§ **Data below**
· · · · · · ·

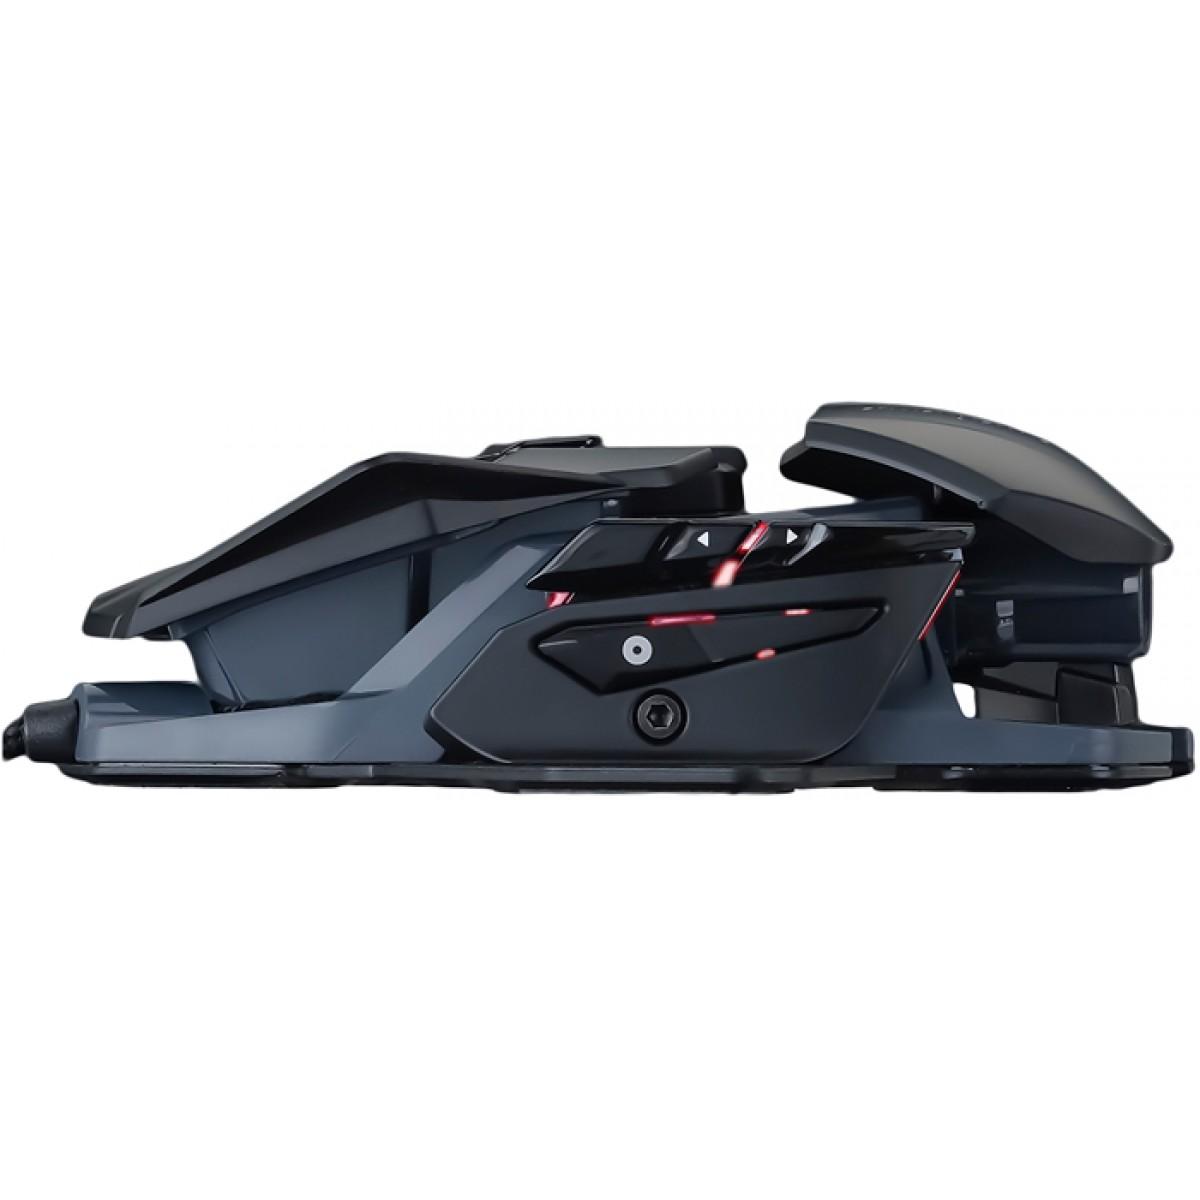 Mouse Gamer Mad Catz RAT Pro S3, 7200 DPI, 8 Botões, Black, MR03DCAMBL00
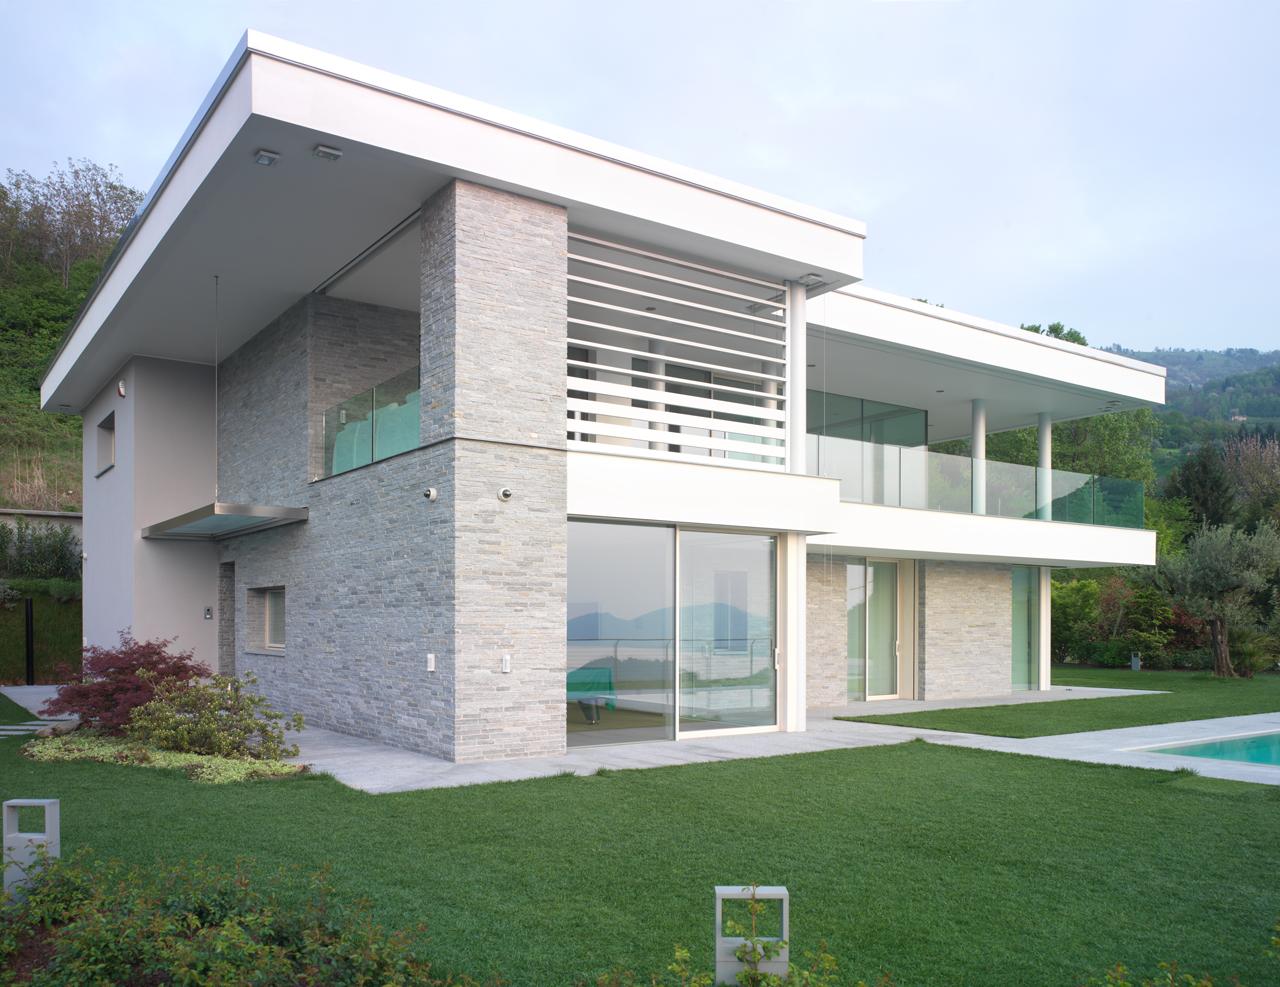 Skyline system minimal frames by carminati serramenti srl for Villa moderna progetto
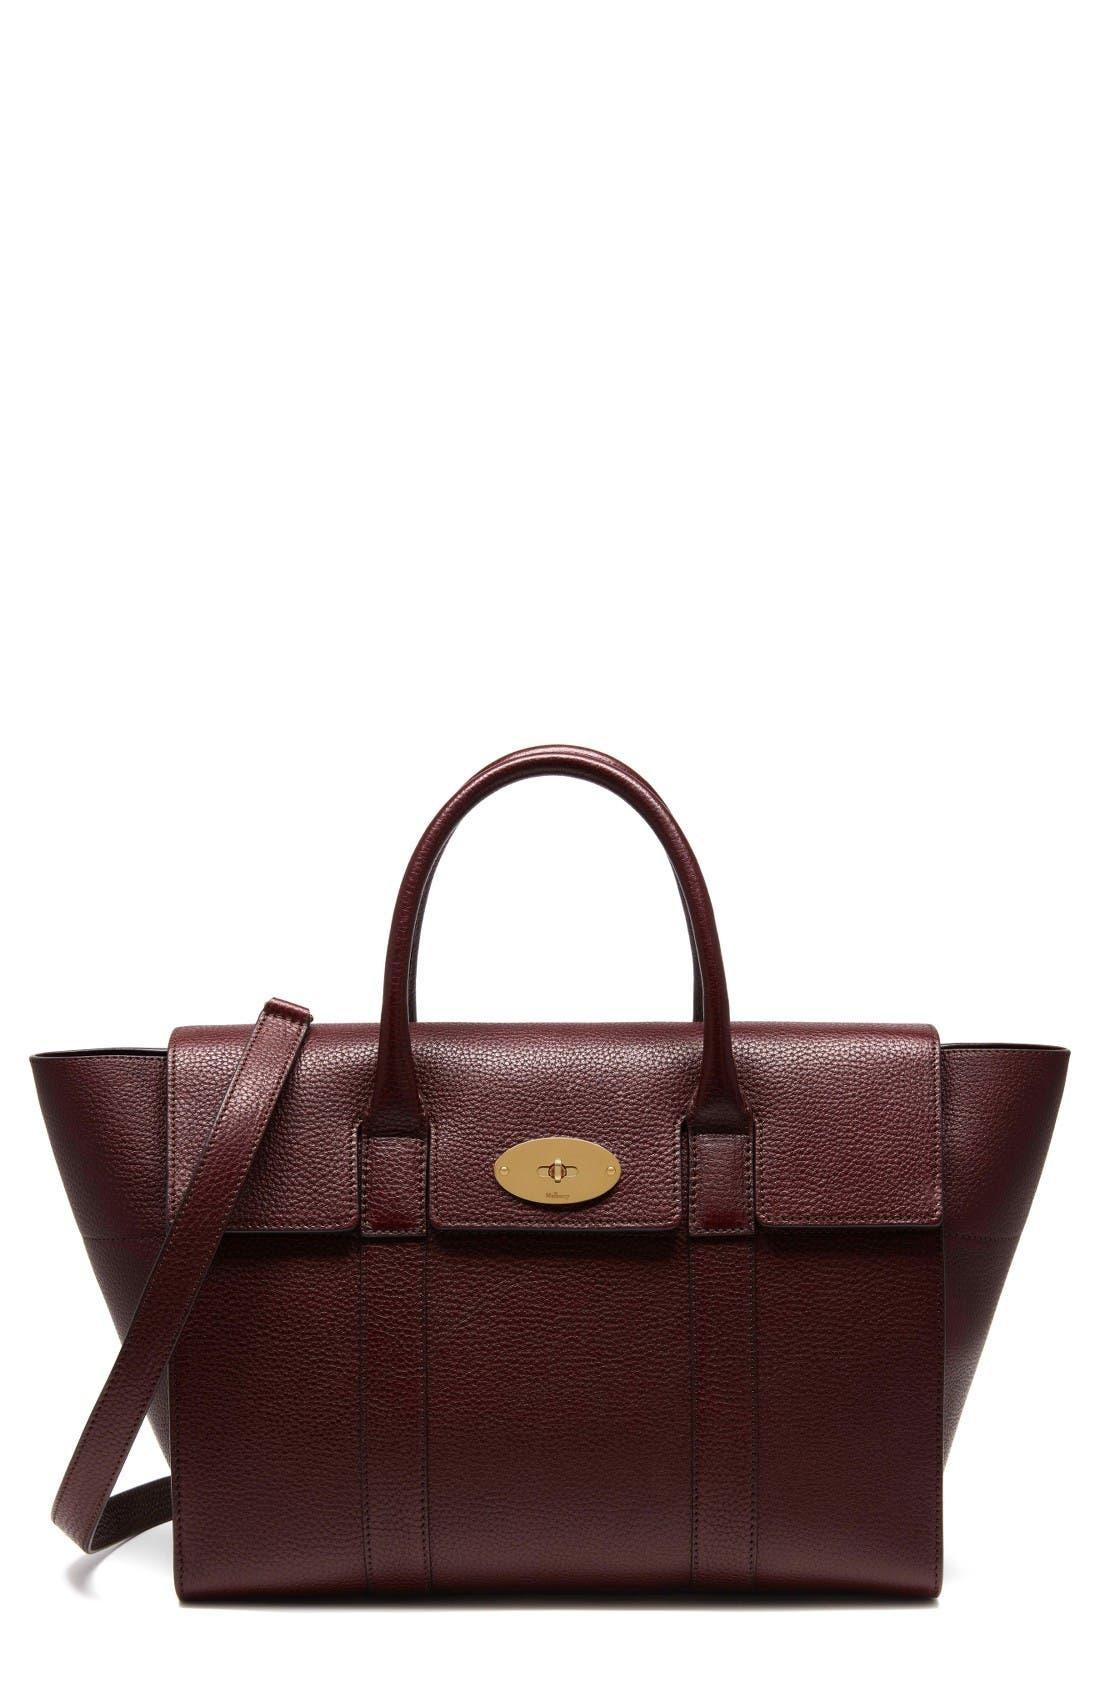 Bayswater Calfskin Leather Satchel,                         Main,                         color, Oxblood
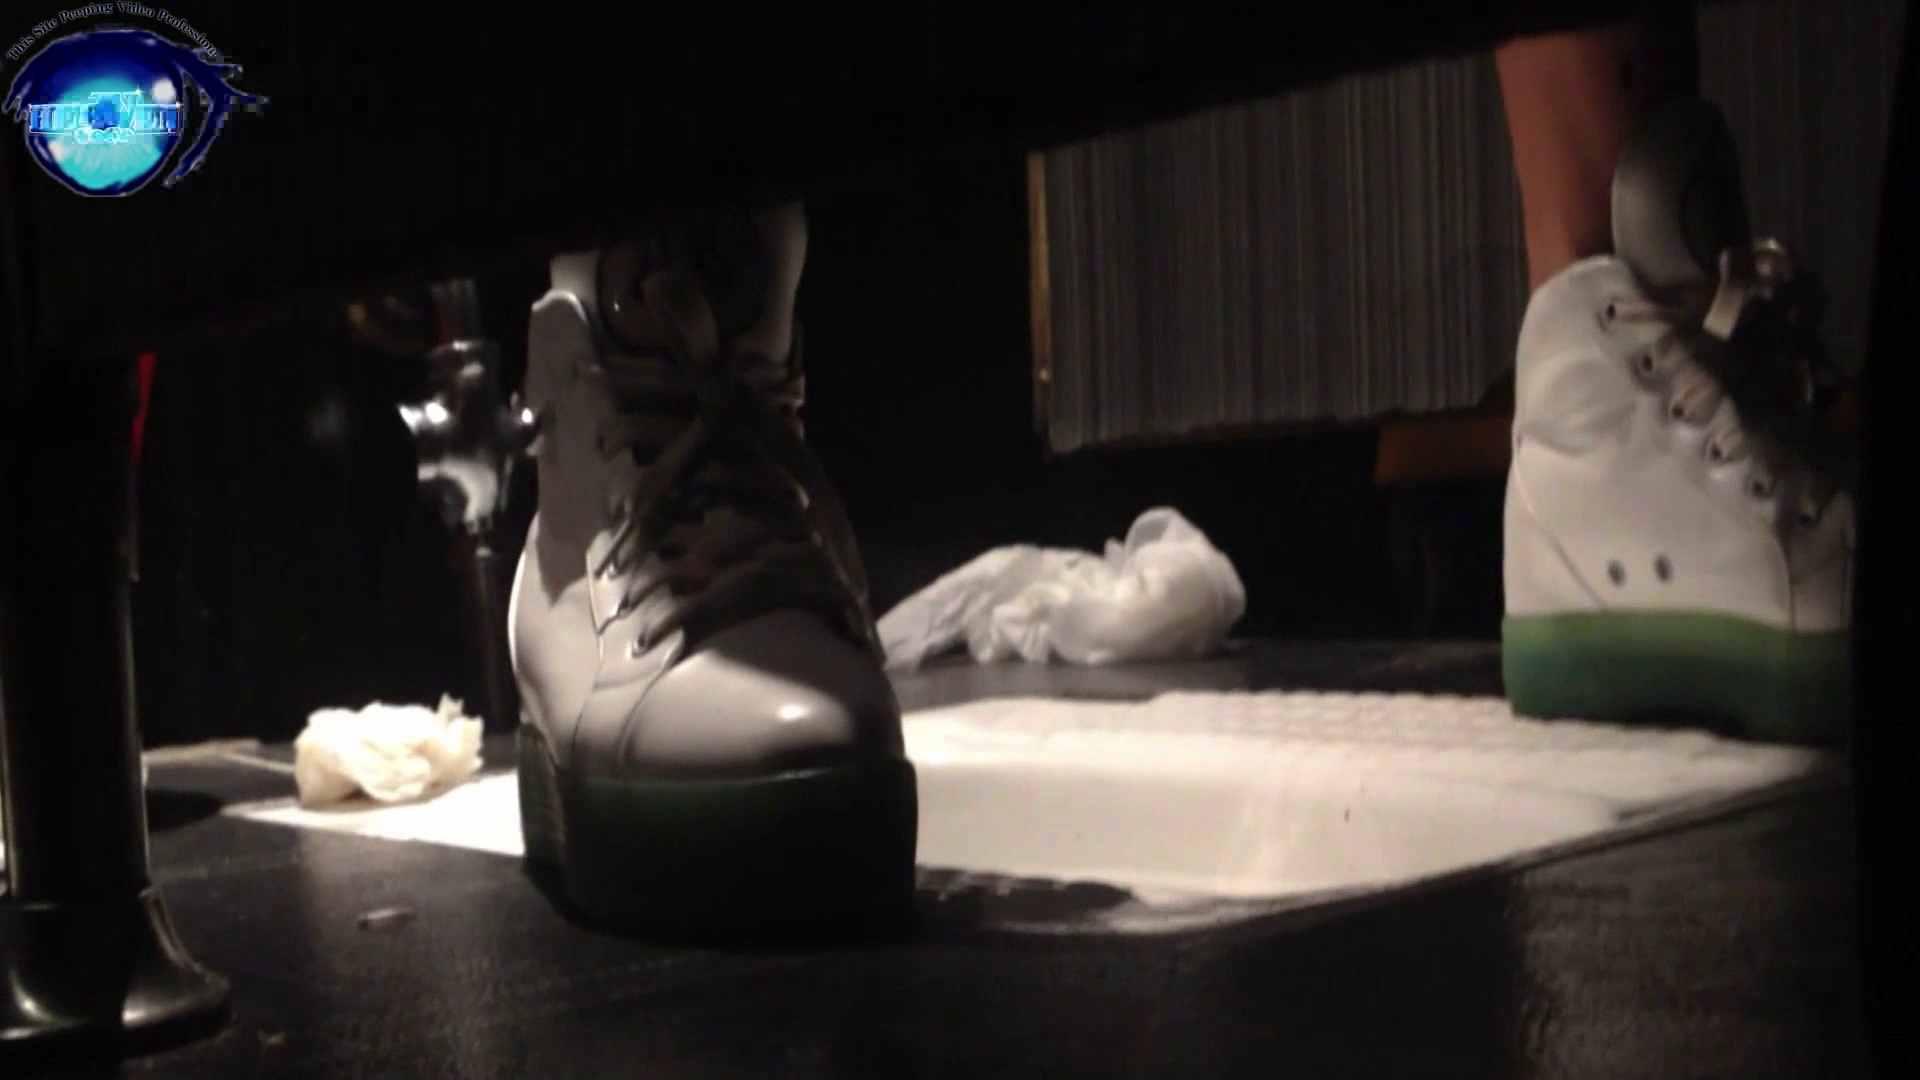 GOD HAND ファッションショッピングセンター盗撮vol.02前編 高画質 | OLのエロ生活  74連発 34

· · · · · · ·

§ **Directions for this task**
Transcribe the material exactly, leaving every picture out.

§ **Completed exercise**
 Mouse Gamer Mad Catz RAT Pro S3, 7200 DPI, 8 Botões, Black, MR03DCAMBL00
 Skyline system minimal frames by carminati serramenti srl for Villa moderna progetto
 Bayswater Calfskin Leather Satchel,                         Main,                         color, Oxblood
 GOD HAND ファッションショッピングセンター盗撮vol.02前編 高画質 | OLのエロ生活  74連発 34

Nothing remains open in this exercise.